The tangent to any curve is given by:

y - y1 = {(dy/dx) at x= x1. }{x-x1)....(1)

Put x = x1 = 2 in 3x -x^3 , and we get y1 = 3*2-2^3 = 6-8 = -2.

So (x1 , y1) = (2, -2).

dy/dx = {3x-x^3}' = 3 -3x^2.

{(dy/dx )at x= x1= 2} = 3-3*2 = 3-6 = -3.

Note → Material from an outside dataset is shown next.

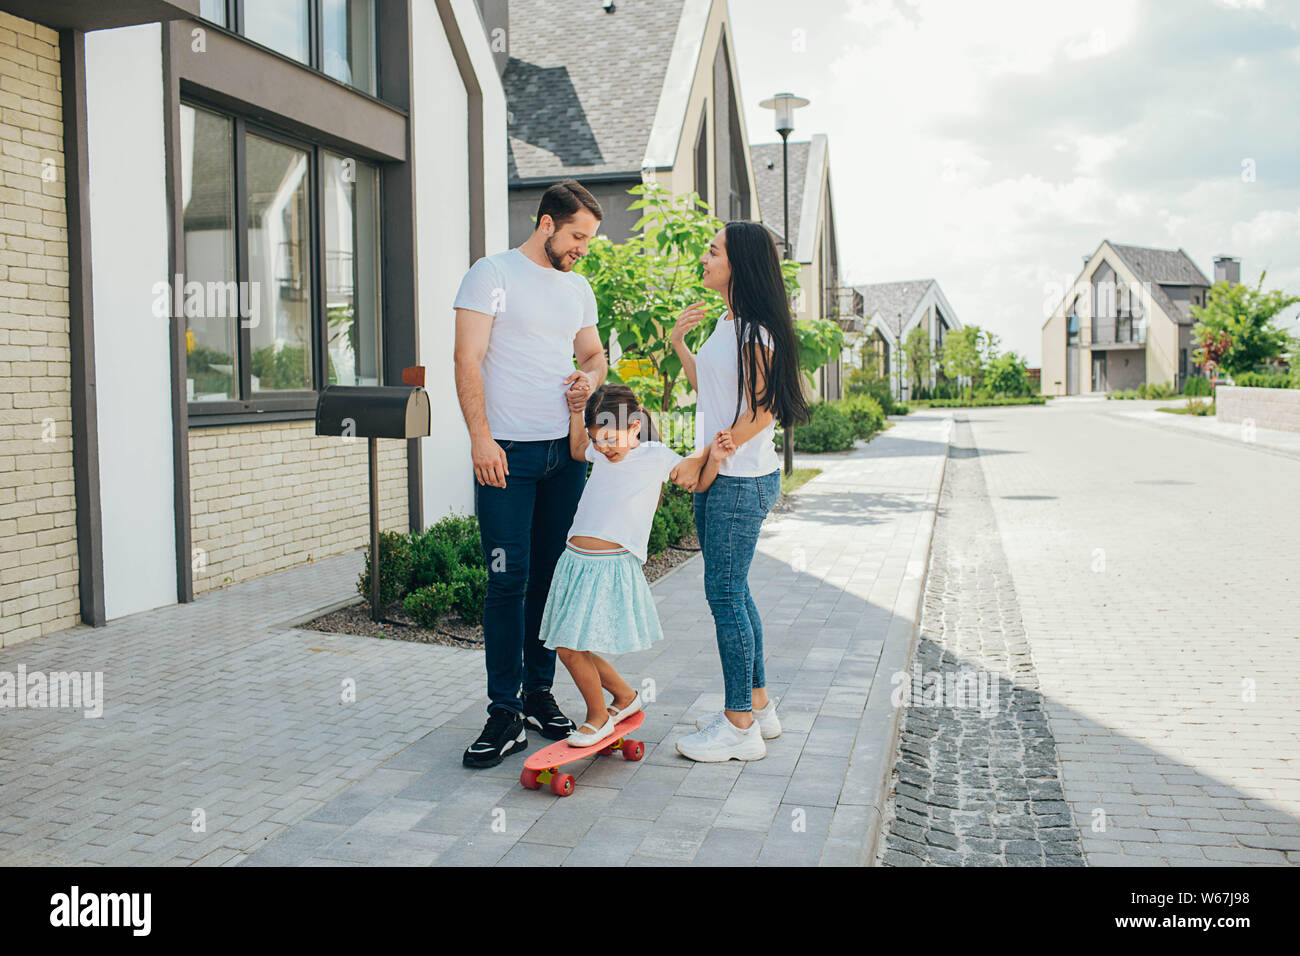 Happy family walking down the street, their child rides a skateboard Stock Photo
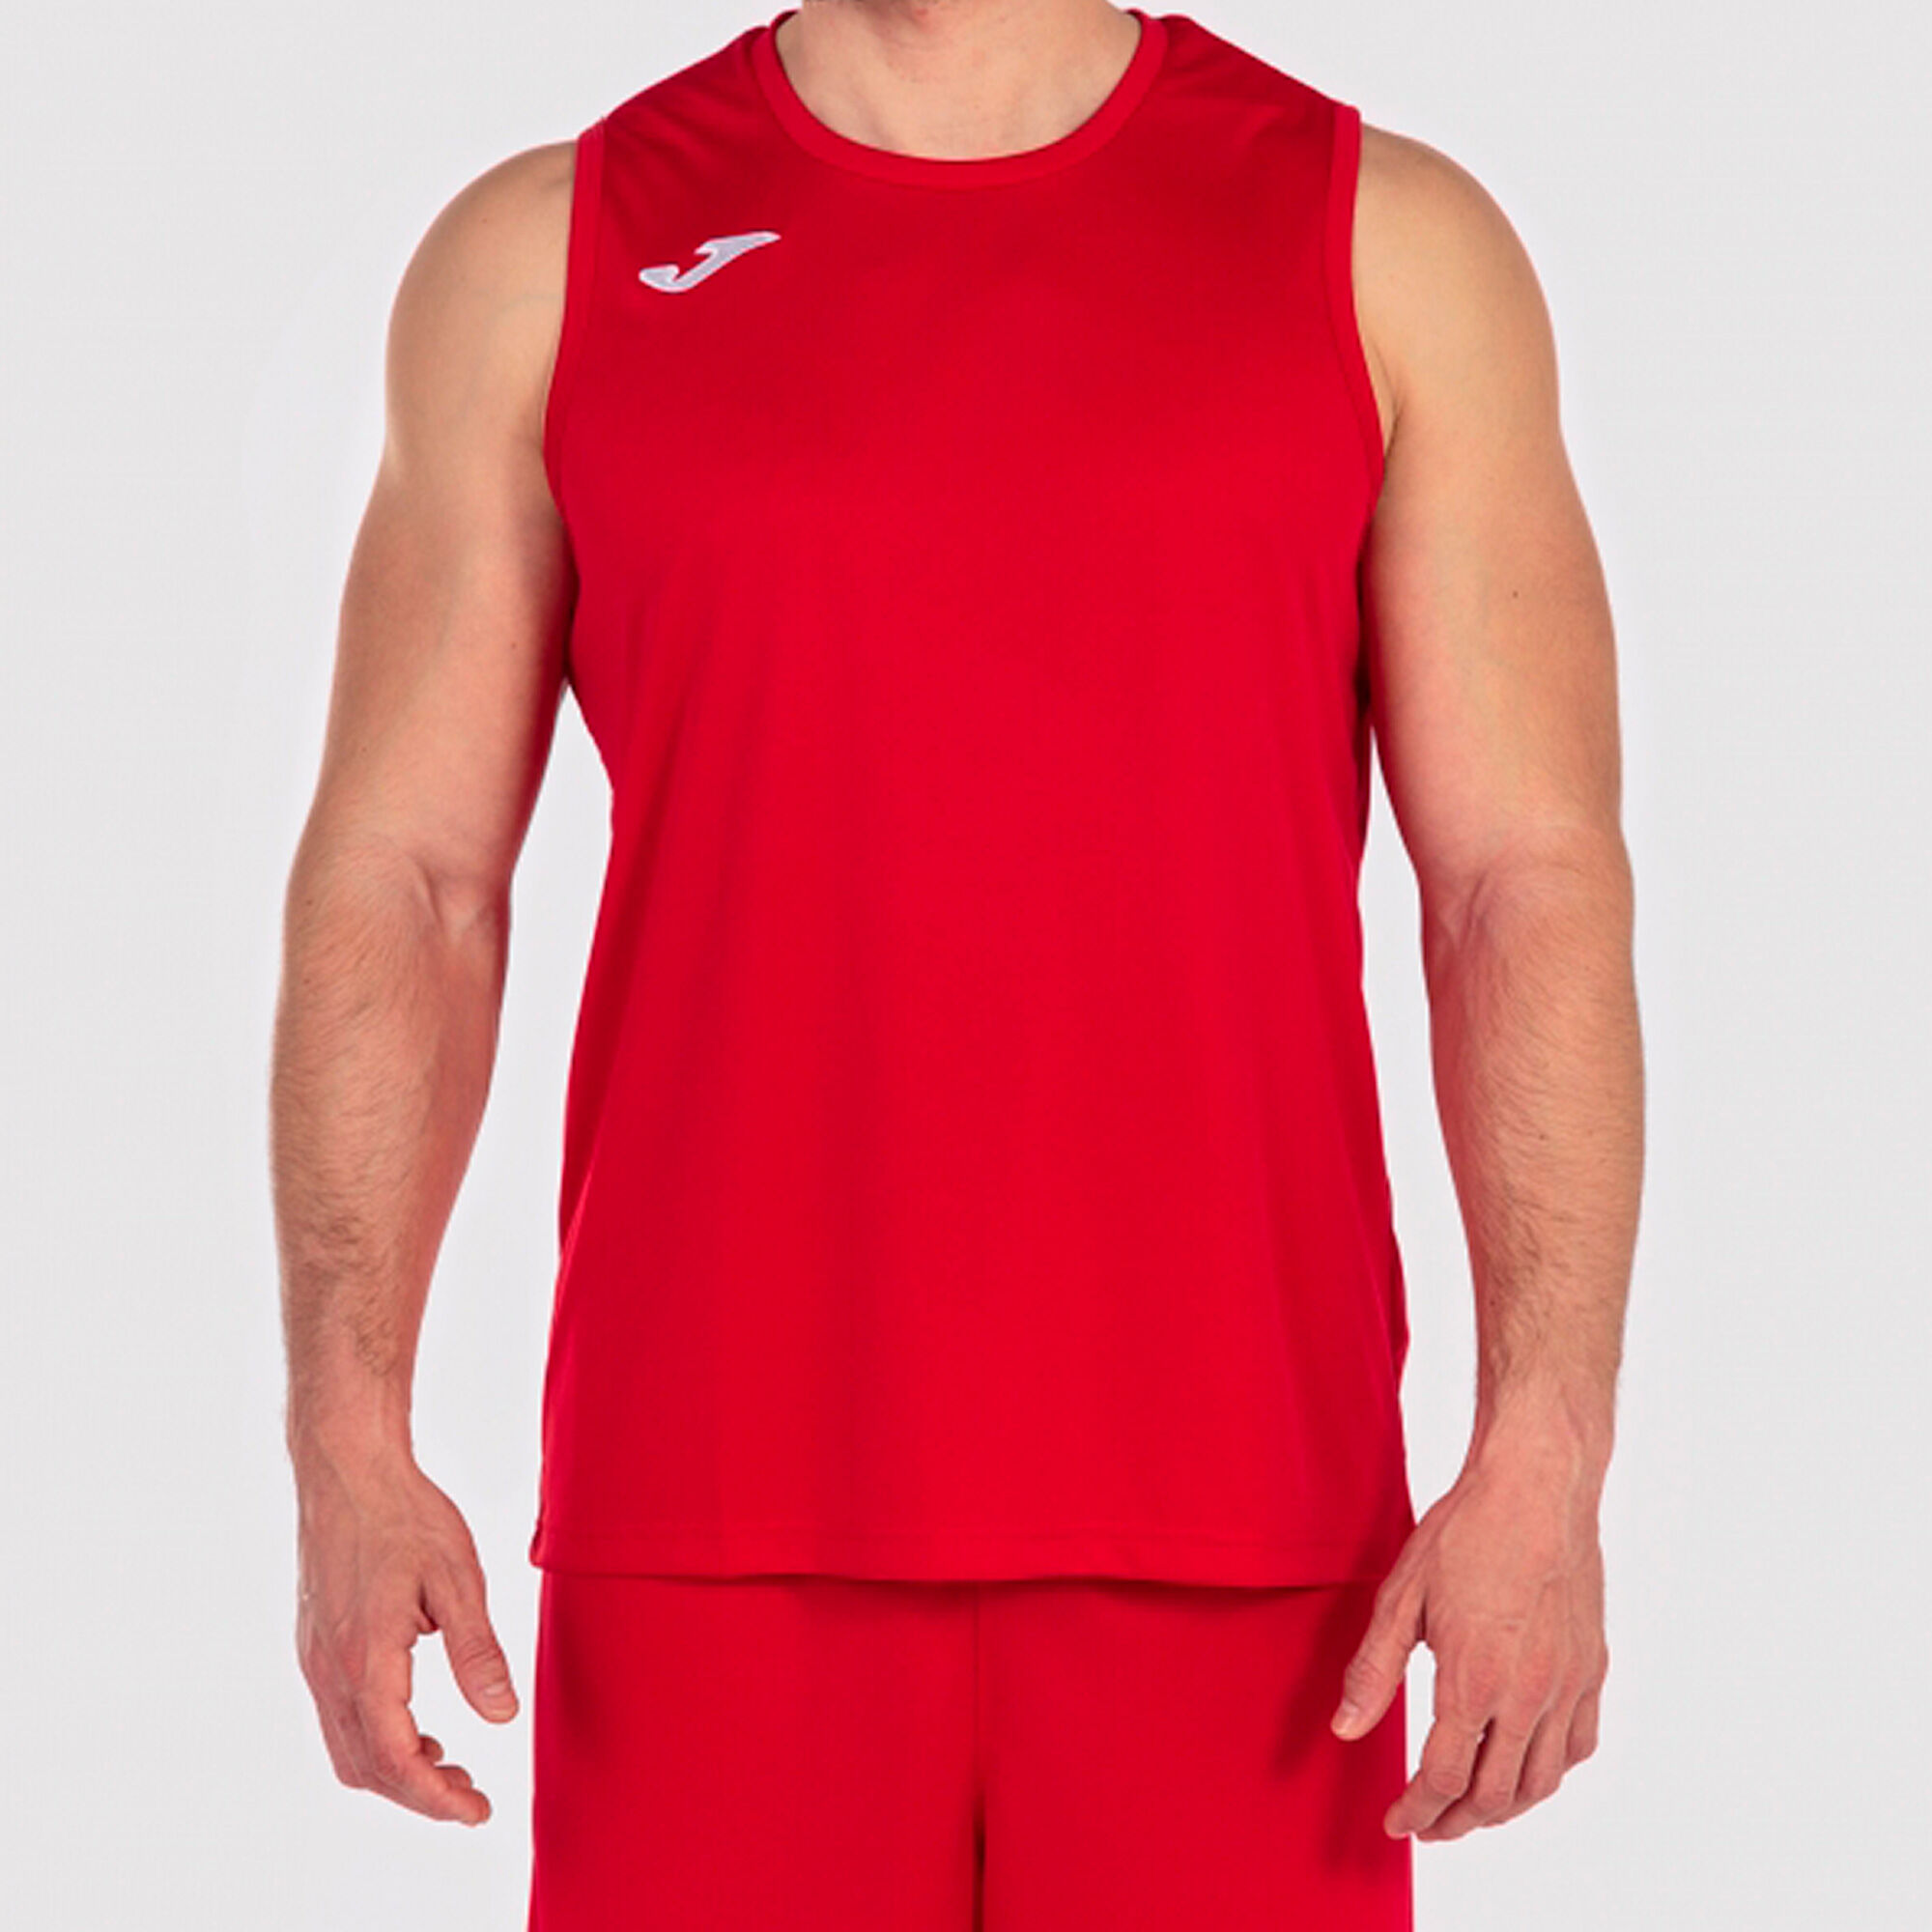 Camiseta sin mangas hombre Combi Basket rojo

Substituting (x1,y1) = (2,-2) and {(dy/dx)at x=x1) = -3 in eq (1), we get:

y - (-2) = (-3) {x- 2}.

y+2 = -3x+6.

3x+y+2-6 = 0

3x+y-4 = 0 is the required tanget to y = 3x-x^3 at x= 2.

To determine the equation of the tangent line to the graph of y, we'll have to determine the derivative of y at x = 2.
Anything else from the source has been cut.